QOL is a construct of multiple dimensions measuring well-being in a subjective manner. In a study that evaluated the contribution of neurocognitive dysfunction to QOL [51], 25% of the included survivors of ALL were found to be under the threshold for poor psychosocial QOL. Furthermore, 14% of them had poor physical QOL. The individuals with poor psychosocial QOL were much more likely to be males and were three times more likely to possess verbal deficits in their cognitive abilities and decreased skills for visual-motor integration. As in the general population, the family’s socioeconomic status plays a role in determining the QOL in childhood ALL patients. In particular, an association was found between low household income and poorer physical QOL, and also poorer emotional and social QOL. This implies that survivors belonging to socioeconomically disadvantaged households are especially susceptible to experience decreased QOL following the end of treatment. It is important that more attention be directed towards the determination of socioeconomic risk factors in order to assist at-risk patients and their families in overcoming barriers and accessing the resources they need to ensure the optimal psychosocial and physical functioning of their children.

Cardiotoxicity

Childhood ALL survivors face risks of the development of late cardiotoxic effects of their treatments, especially after anthracycline therapy, including congestive heart failure (CHF), abnormalities of the heart valve, heart attacks, and heart epithelium inflammation [52,53]. Oxygen free radicals are produced by anthracyclines; they cause damage to cardiac myocytes, resulting in lost myofibrillar content and vacuolar degeneration, which in turn leads to fibrosis and myocardial necrosis. With the passage of time, thinning of the left ventricular wall occurs, which causes an increase in wall stress together with a decrease in myocardial contractility. Progressive cardiomyopathy might arise early on, during the first year of treatment, or it may occur later, with the diagnosis being given years after the end of the treatment [54,55].

Disease risk is dependent on the dose, CHF rates being ≤10% in those patients treated with cumulative doses of anthracyclines below 500 mg/m² and as 36% for doses of >600 mg/m² [56,57]. Furthermore, the risk of CHF related to the therapy is found to be altered by clinical factors such as age at time of treatment (<5 years of age), being female, preexisting heart disease, and simultaneous mediastinal irradiation [57,58,59,60]. In the CCSS cohort, cumulative 30-year incidences for CHF [4.1% (95% CI of 3.2%-5.0%)], myocardial infarction [1.3% (95% CI of 1.0%-1.7%)], valvular abnormalities [4.0% (95% CI of 3.1%-4.9%)], and pericardial disease [3.0% (95% CI of 2.1%-3.9%)] were increased in 10,367 survivors of childhood cancer who were then young adults in comparison to their siblings who served as control subjects [61]. As the anthracycline cardiotoxicity risk is dependent on the dose, practitioners have chosen to reduce the cumulative doses administered to patients with low risk in the last decade in order to decrease the occurrence of late cardiac dysfunction [52]. Where cumulative doses of >300 mg/m² were applied, the risk for clinical heart failure at 20 years was estimated to be almost 10%, but where doses of <300 mg/m² were applied, the predicted risk fell to 0.5% [62]. Worsening of cardiac function was also reported in a longitudinal follow-up following doses of >300 mg/m². In a cross-sectionally designed study reporting on 138 survivors of childhood ALL who were then in adulthood and who had a median follow-up time of 23.4 years following diagnosis, LV functions were seen to be impaired in the patients (12%) who had received low cumulative doses of anthracycline (40-120 mg/m²) in their treatment [52], implying that there does not seem to be a certain safe dose when using anthracyclines [63,64]. Therefore, it is recommended to continue monitoring for any late cardiac effects in childhood survivors of ALL who experienced anthracycline exposure in order to prevent any advancement from asymptomatic cardiac dysfunction to clinical cases of CHF.
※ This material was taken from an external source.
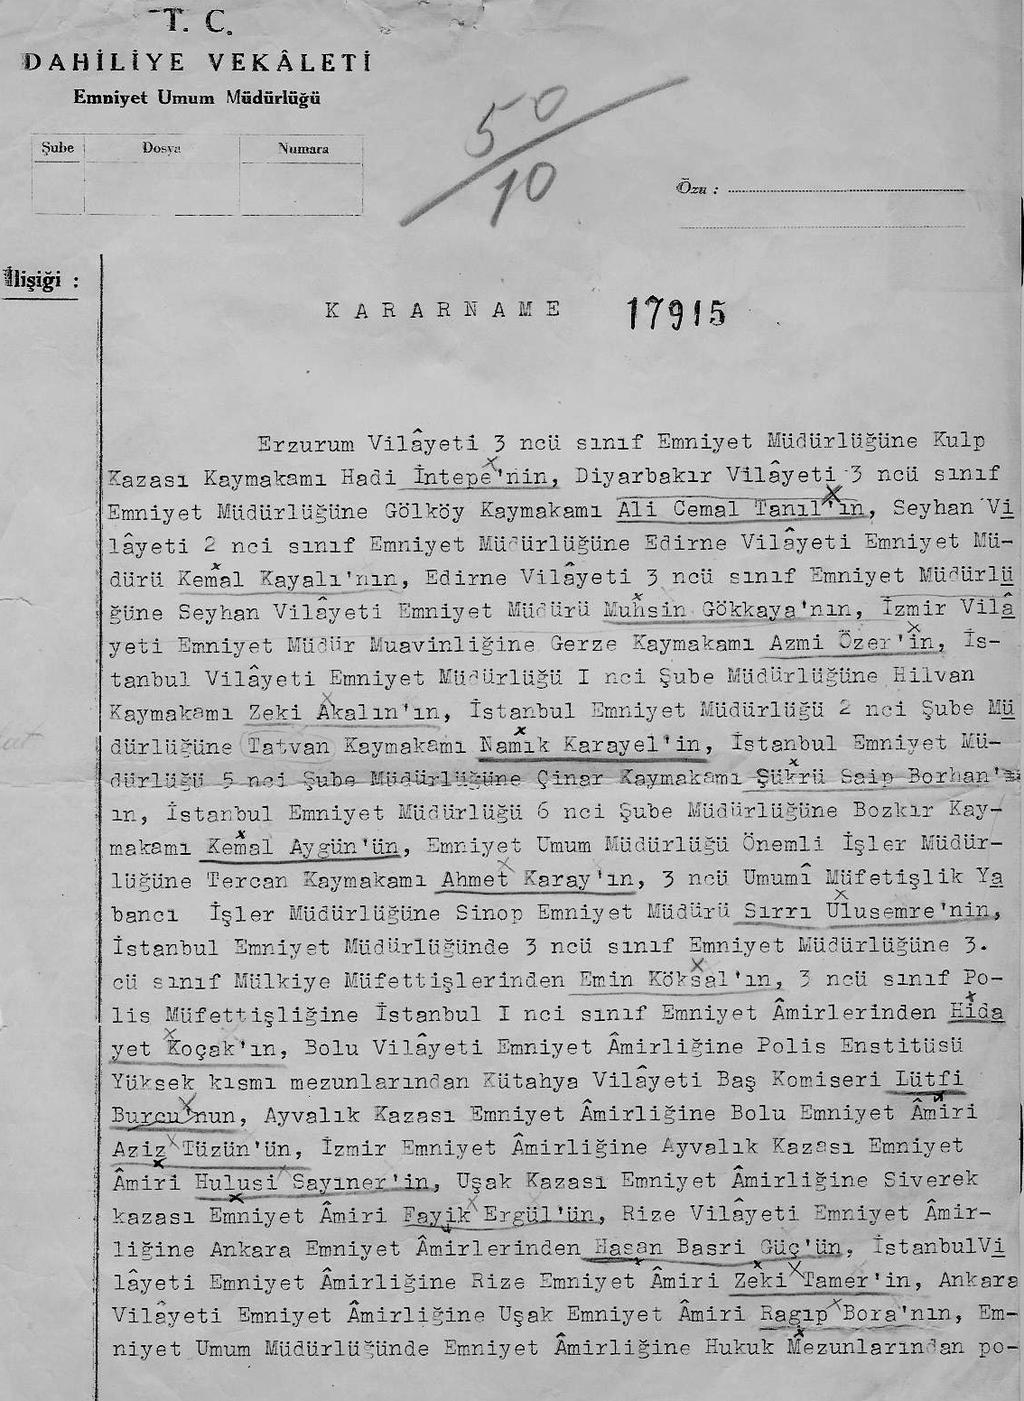 EK- 22-a 1943 Yılında Yapılan Polis Amirleri Tayin Kararnamesi Kaynak: Emniyet Genel Müdürlüğü Arşiv
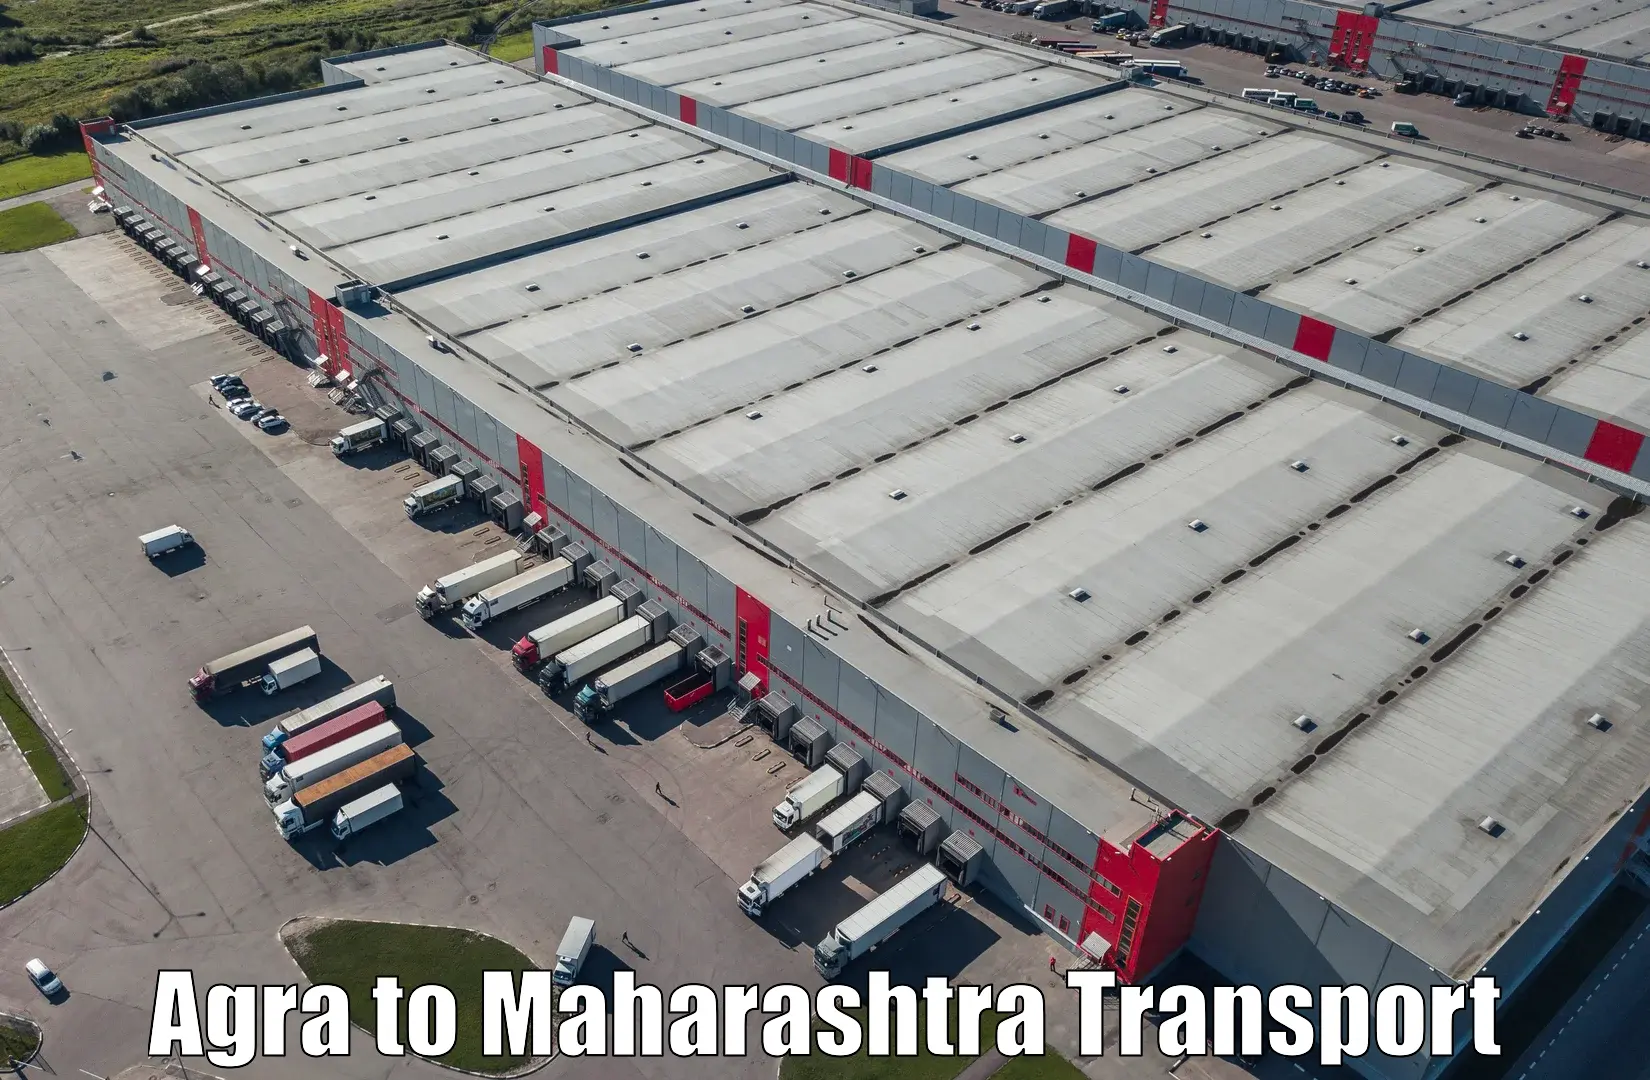 Online transport service Agra to Walchandnagar

Lastly, some evidence suggests that hypertension may be another cardiac late effect among ALL survivors. In a study that included 68 survivors who received treatment for childhood ALL between 1973 and 2000 and who were evaluated for the possibility of increased body mass index (BMI) and increased risk of high blood pressure, systolic and diastolic blood pressures were increased significantly compared to the general population (systolic blood pressure: mean z-score 0.736, p<0.001; diastolic blood pressure: mean z-score 0.409, p=<0.001; BMI: mean z-score 0.483, p<0.001). Female survivors, and especially those treated with CRT, had a greater risk of being overweight and obese, increasing the risk of cardiovascular morbidity later in life [65].

Endocrine and Metabolic Outcomes

Hormone Deficiencies

Deficiency of growth hormone (GH) is the most commonly seen endocrinopathy following radiation therapy in survivors of ALL due to direct injury to the hypothalamus [66,67]. It is dose-dependent and mostly seen at a dose of 24 Gy; however, it can also be seen at doses as low as 18 Gy, or at a single dose of 10 Gy applied during total body irradiation (TBI) [67,68]. Craniospinal radiation not only damages the hypothalamus but also directly affects skeletal growth, resulting in growth retardation [69,70]. Along with higher doses of CRT, the risk factors for GH deficiency also comprise younger age at the time of diagnosis and being female [67,68,69]. Additional central endocrinopathies, including central adrenal insufficiency, gonadotropin insufficiency, hyperprolactinemia, or central (or secondary) hypothyroidism, have also been associated with doses of 40 Gy [71], that dose being administered rarely in treating childhood ALL. The occurrence of primary hypothyroidism can also be seen following craniospinal or cranial radiation and TBI as a result of the thyroid gland’s direct exposure to radiation, even when doses of 10 Gy are applied, which is relatively low [72]. Another late effect of CRT when administered at doses of 18-24 Gy is precocious puberty; it is seen more commonly in females [73,74,75]. In two important cohort studies, the CCSS and the National Cancer Institute Children’s Cancer Group Leukemia Follow-up Study, a normal age of menarche was reported by 92% of female ALL survivors, in comparison with 97% and 96% of the studied controls, respectively [76,77].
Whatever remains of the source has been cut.